Exercise inputs:
________________

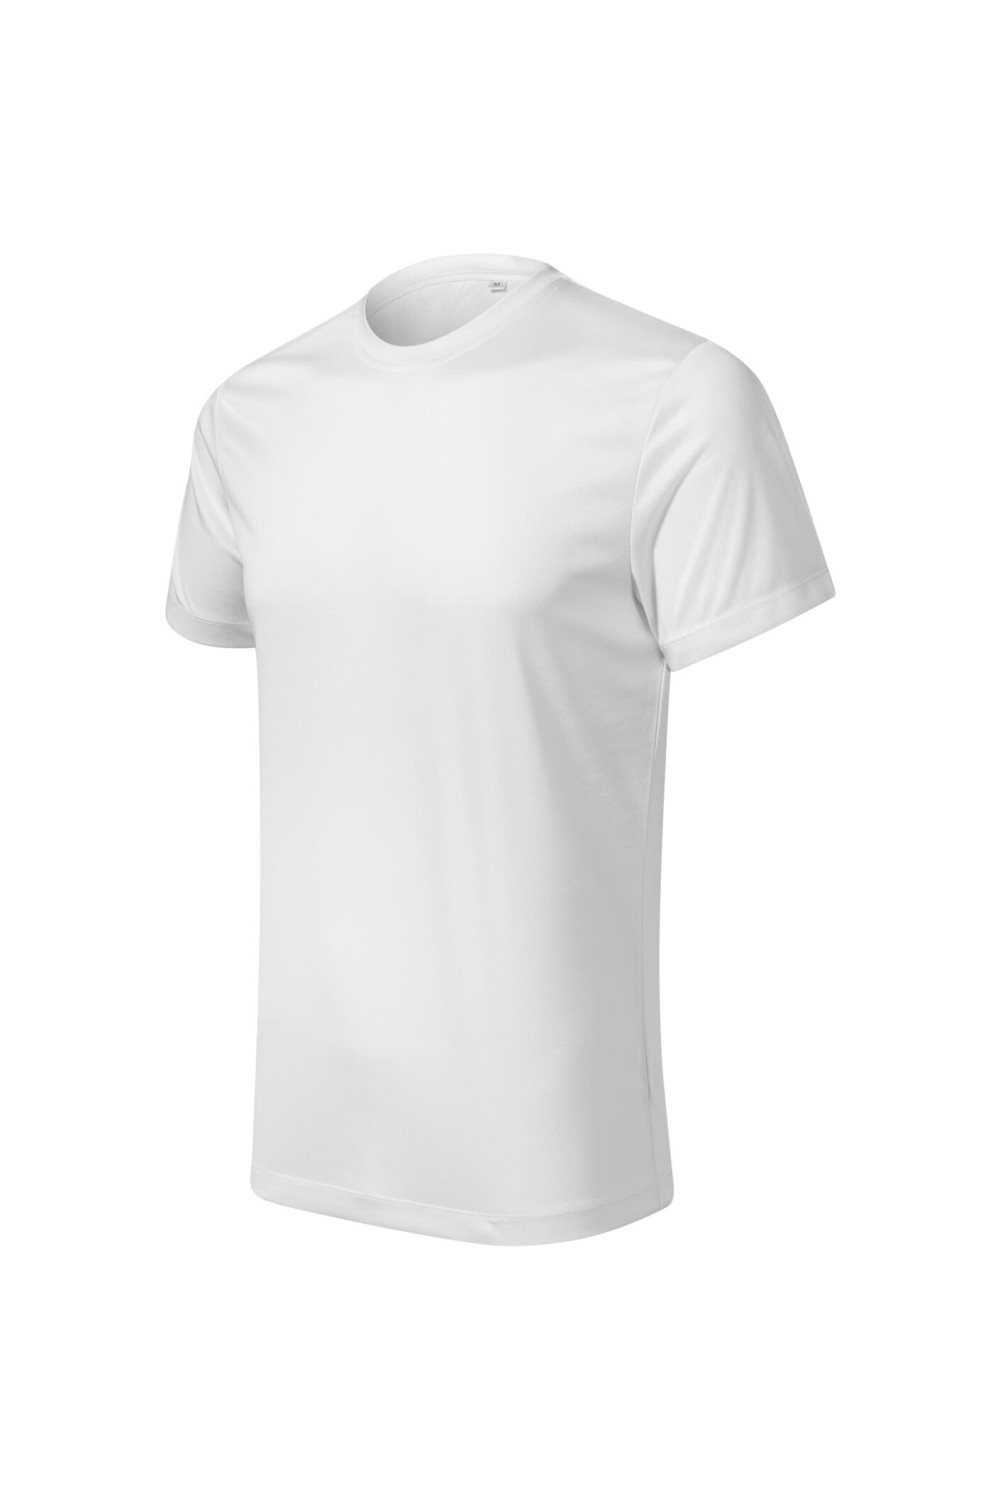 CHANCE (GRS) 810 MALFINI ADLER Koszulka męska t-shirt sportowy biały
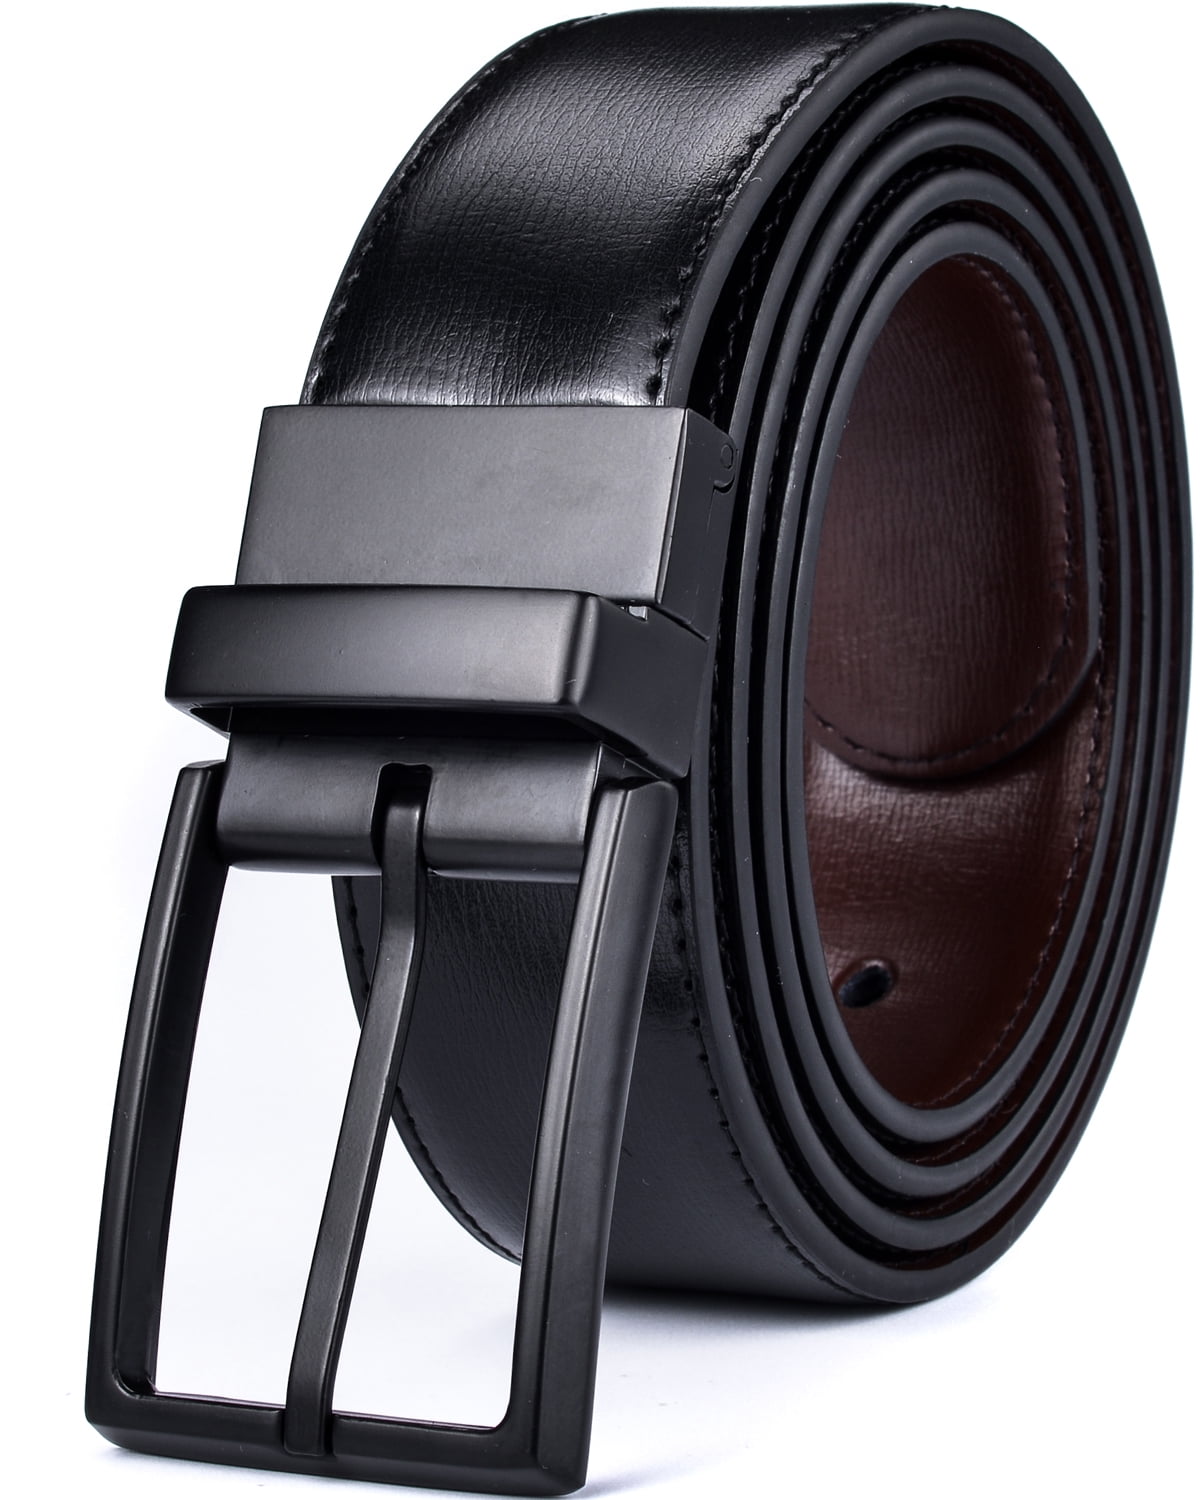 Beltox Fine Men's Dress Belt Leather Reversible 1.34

________________

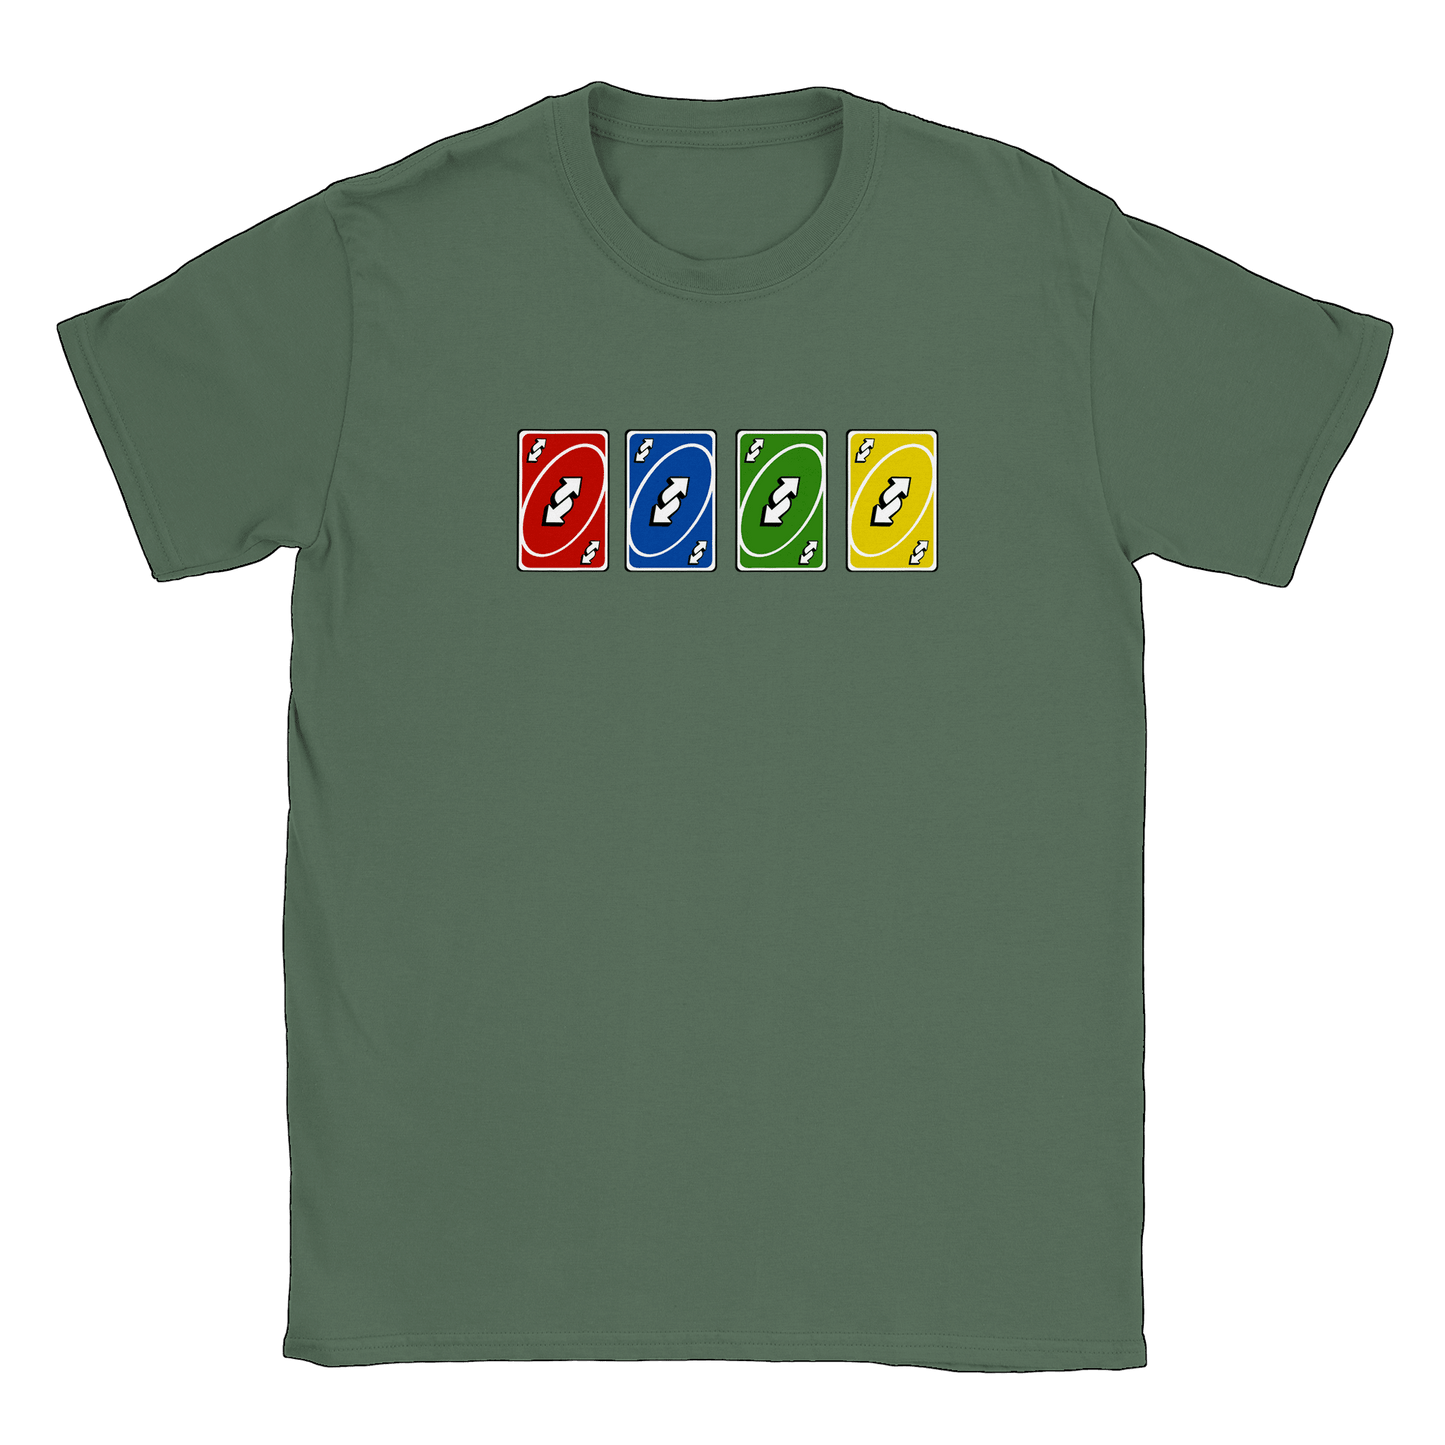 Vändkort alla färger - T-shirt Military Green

________________

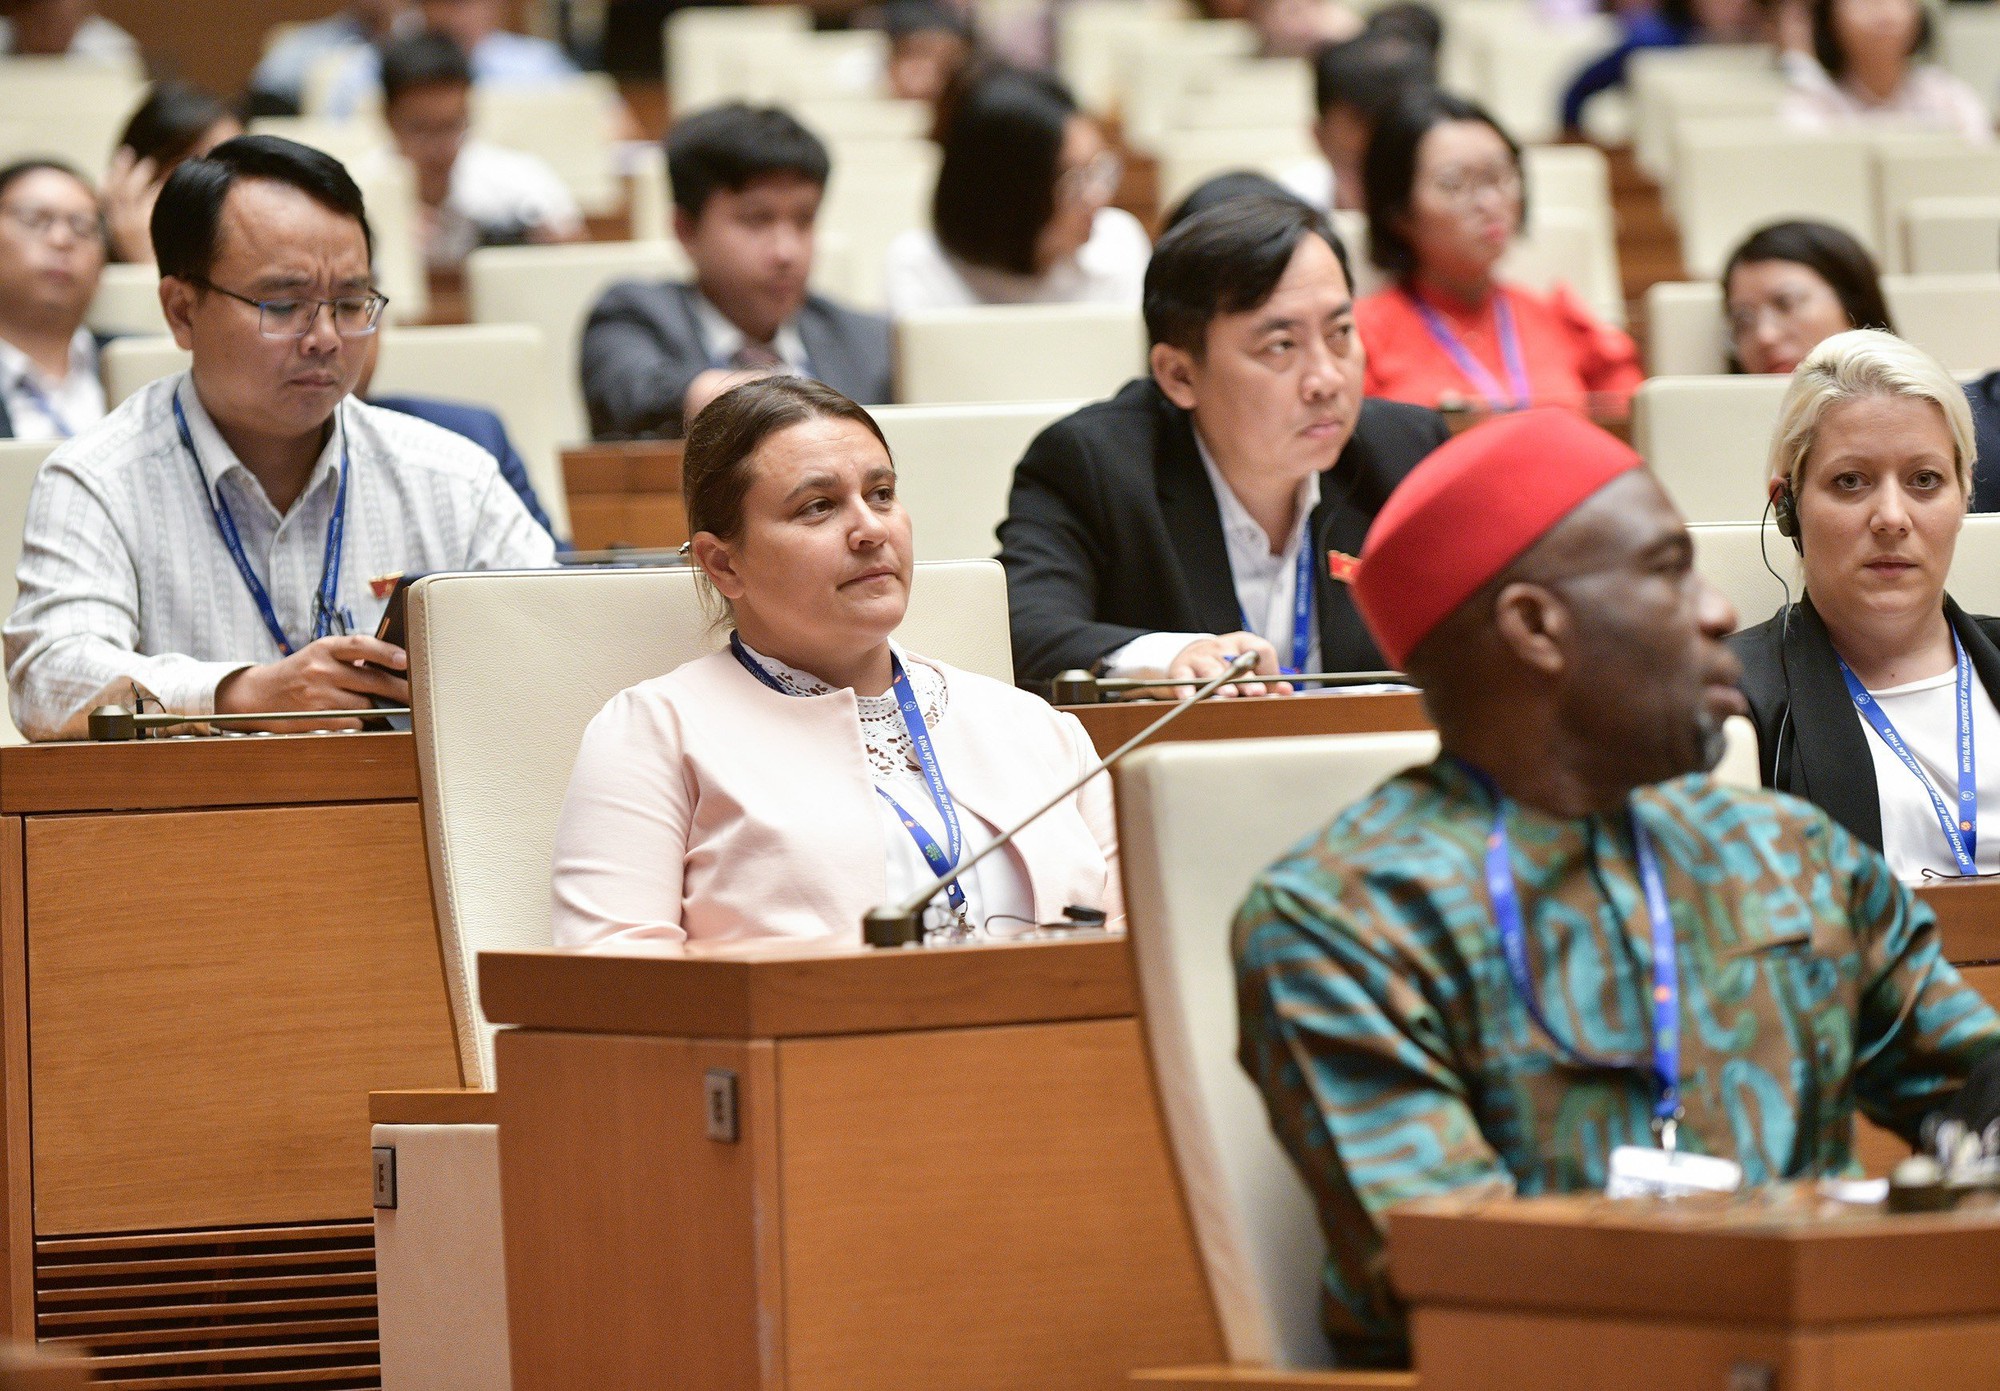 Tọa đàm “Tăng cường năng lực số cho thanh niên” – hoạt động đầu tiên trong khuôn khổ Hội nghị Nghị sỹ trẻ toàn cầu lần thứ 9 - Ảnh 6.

________________

Task objective:
Above are records with pictures. Reproduce exactly only the lines from the line with "CHANCE (GRS) 810" through the line with "Beltox Fine Men's", both ends included, and leave the pictures out.

Answer for the task:
 CHANCE (GRS) 810 MALFINI ADLER Koszulka męska t-shirt sportowy biały
 Beltox Fine Men's Dress Belt Leather Reversible 1.34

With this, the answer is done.